Independent variables A generic questionnaire with questions on age, gender, body mass index, pain duration, medication, previous low back pain, co morbidity with neck pain, sleep and activity level and expectation of outcome with treatment will be filled out by all at baseline. In addition the following instruments will be fillet out at baseline, at 8 weeks and at 6 and 12 months.

Pain Self-assessed pain for the last 24 hours -Numeric Pain Rating Scale (0-10); Disability Oswestry Disability Questionnaire (0-100); Generic health-related quality of life The European Quality of Life 5 Dimensions Questionnaire, referred to as EuroQol or EQ-5D;The Glassman protocol will be included at baseline to identify 1) symptoms 2) structural pathology and 3) compression pathology; The Start Back originally intended for primary care providers to permit identification of patients at risk for poor outcome using the yellow flags with the highest prognostic values in this patient population; Fear Avoidance Behavior Questionnaire (FABQ).
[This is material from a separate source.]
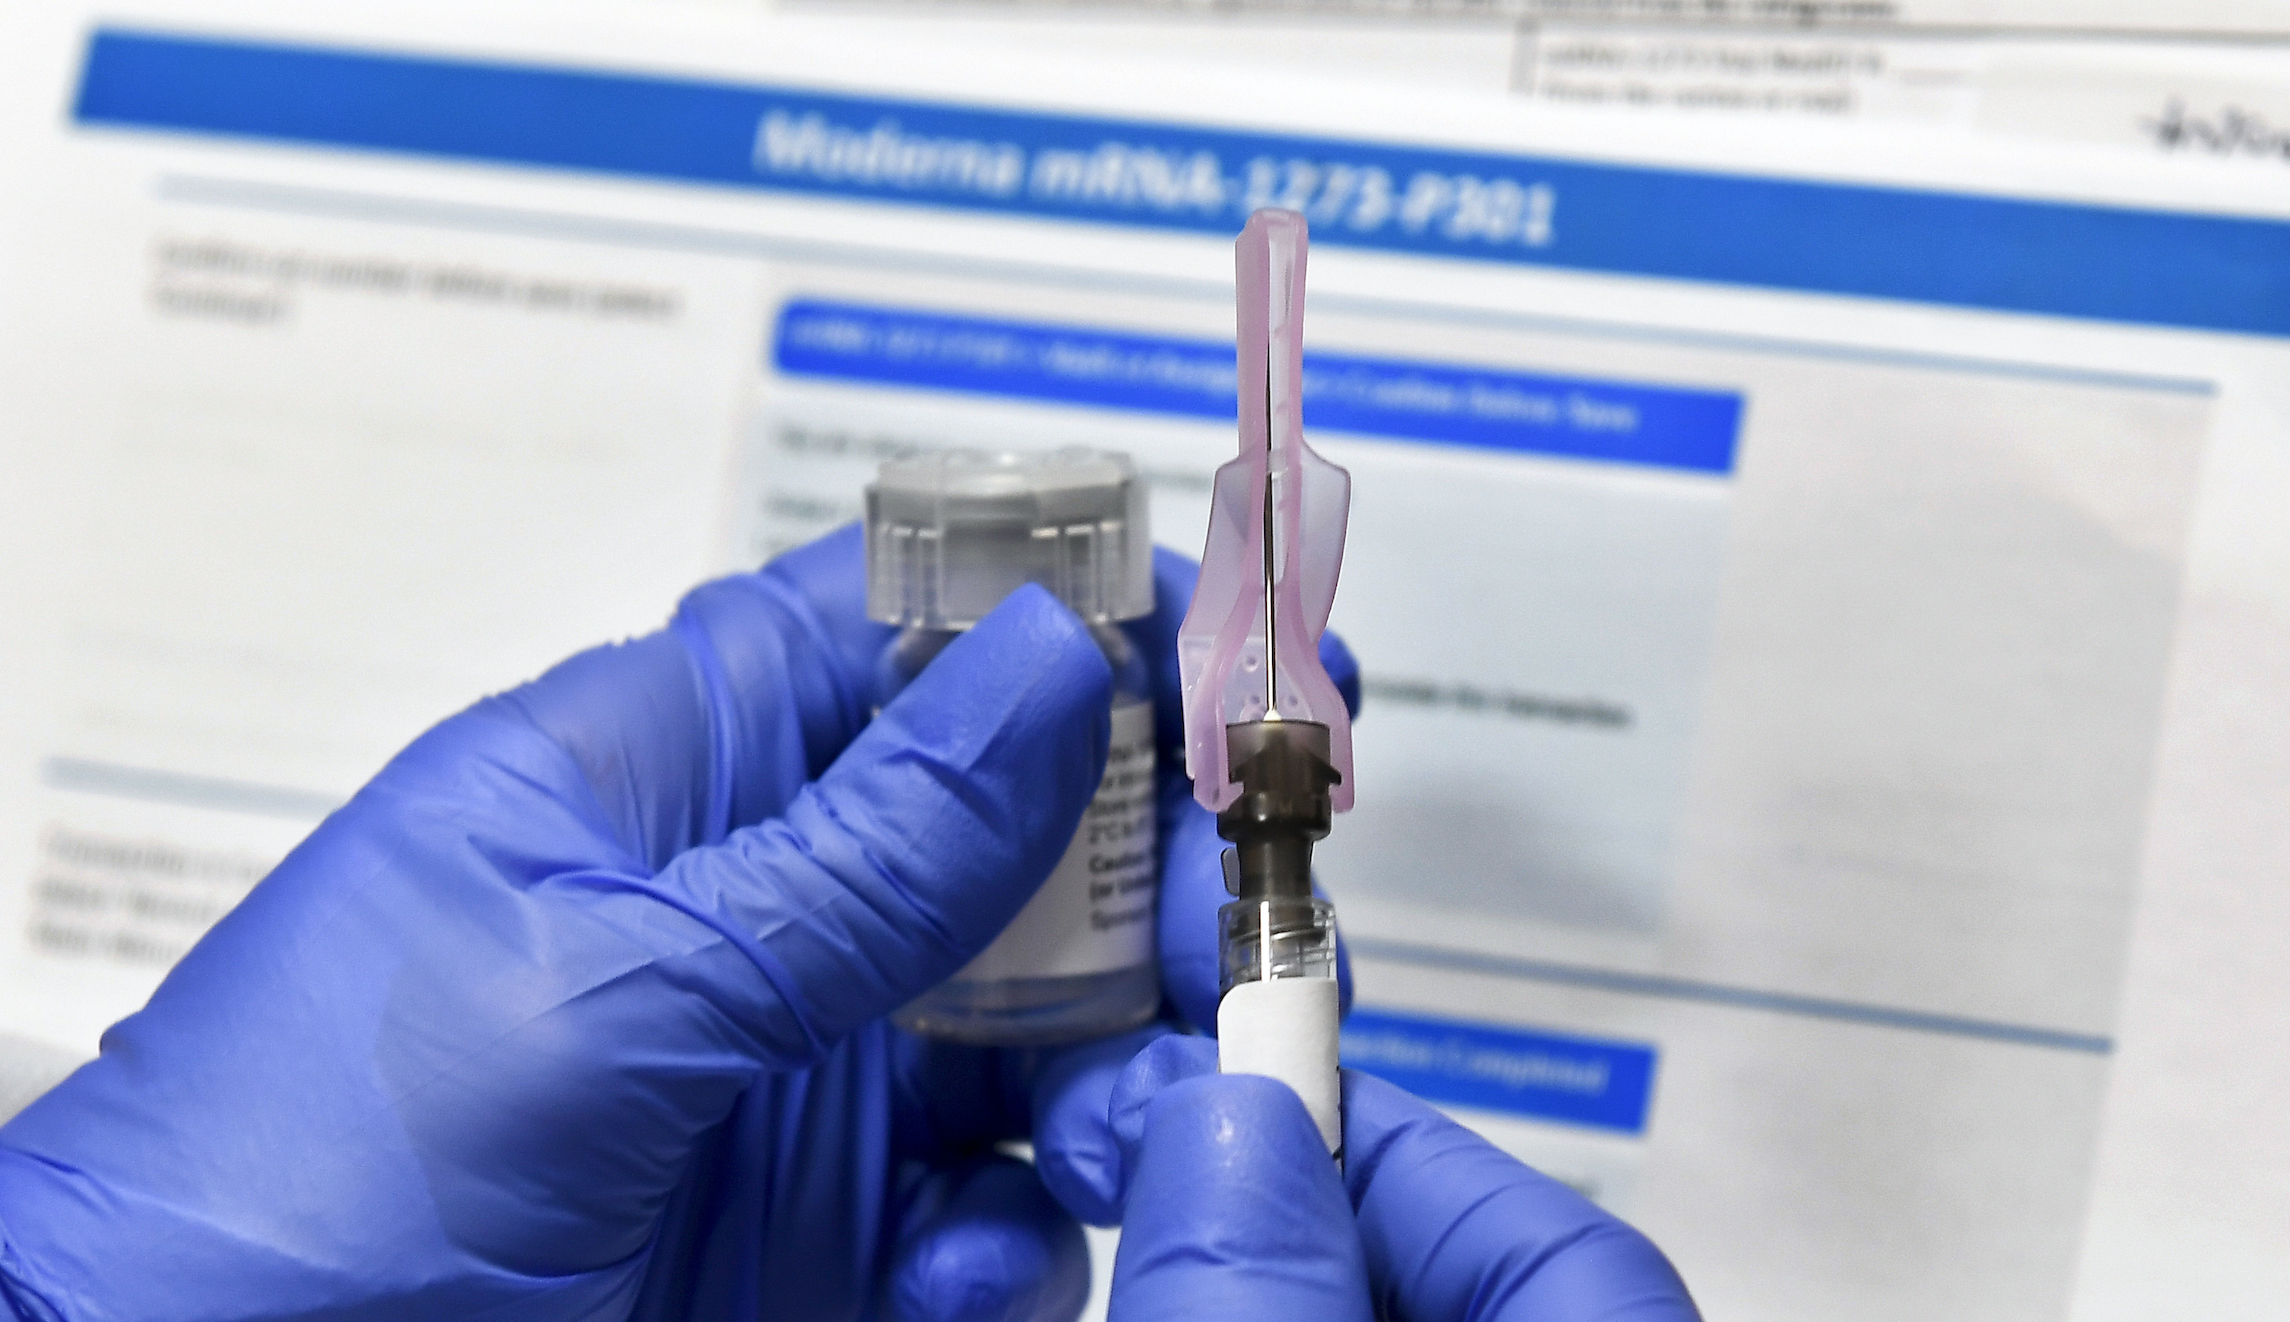 Republican states prepare for legal showdown over Biden vaccine mandate - Washington Examiner

Self-efficacy in relation to activity will be assessed to collect data on the patients' level of self-efficacy for exercise/activity by the Self-Efficacy Scale (SES). Days of sick-leave for the 12 months will be collected through the national health insurance Expectation with treatment A global question on expectation with treatment will be included at baseline part of the generic base line questionnaire. (http://www.swespine.se).
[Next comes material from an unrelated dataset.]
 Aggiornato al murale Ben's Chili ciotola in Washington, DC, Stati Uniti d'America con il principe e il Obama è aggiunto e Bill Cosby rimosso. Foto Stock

Satisfaction with treatment and with outcome: Patients' global satisfaction with treatment will be measured following intervention by two global questions derived from the Treatment Outcome Satisfaction Questionnaire (TOSQ) Clinical testing Movement performance testing will be performed to understand if certain active movement directions provoke pain or symptoms. Excessive mobility of the joints will be assessed with a modified Beighton protocol.

Text message data Following the base line all participants will be followed with text messages every 14 days to collect data on 1) Number of days with pain during last 14 days 2) Activity level during the last two week. The text message will be sent to the participants starting 14 days following the first visit and every 14 days. If an answer is not received a follow up text-message will be sent within 24 hours. The longitudinal data will be logged by the participants in an application used either on the computer or at a cell phone.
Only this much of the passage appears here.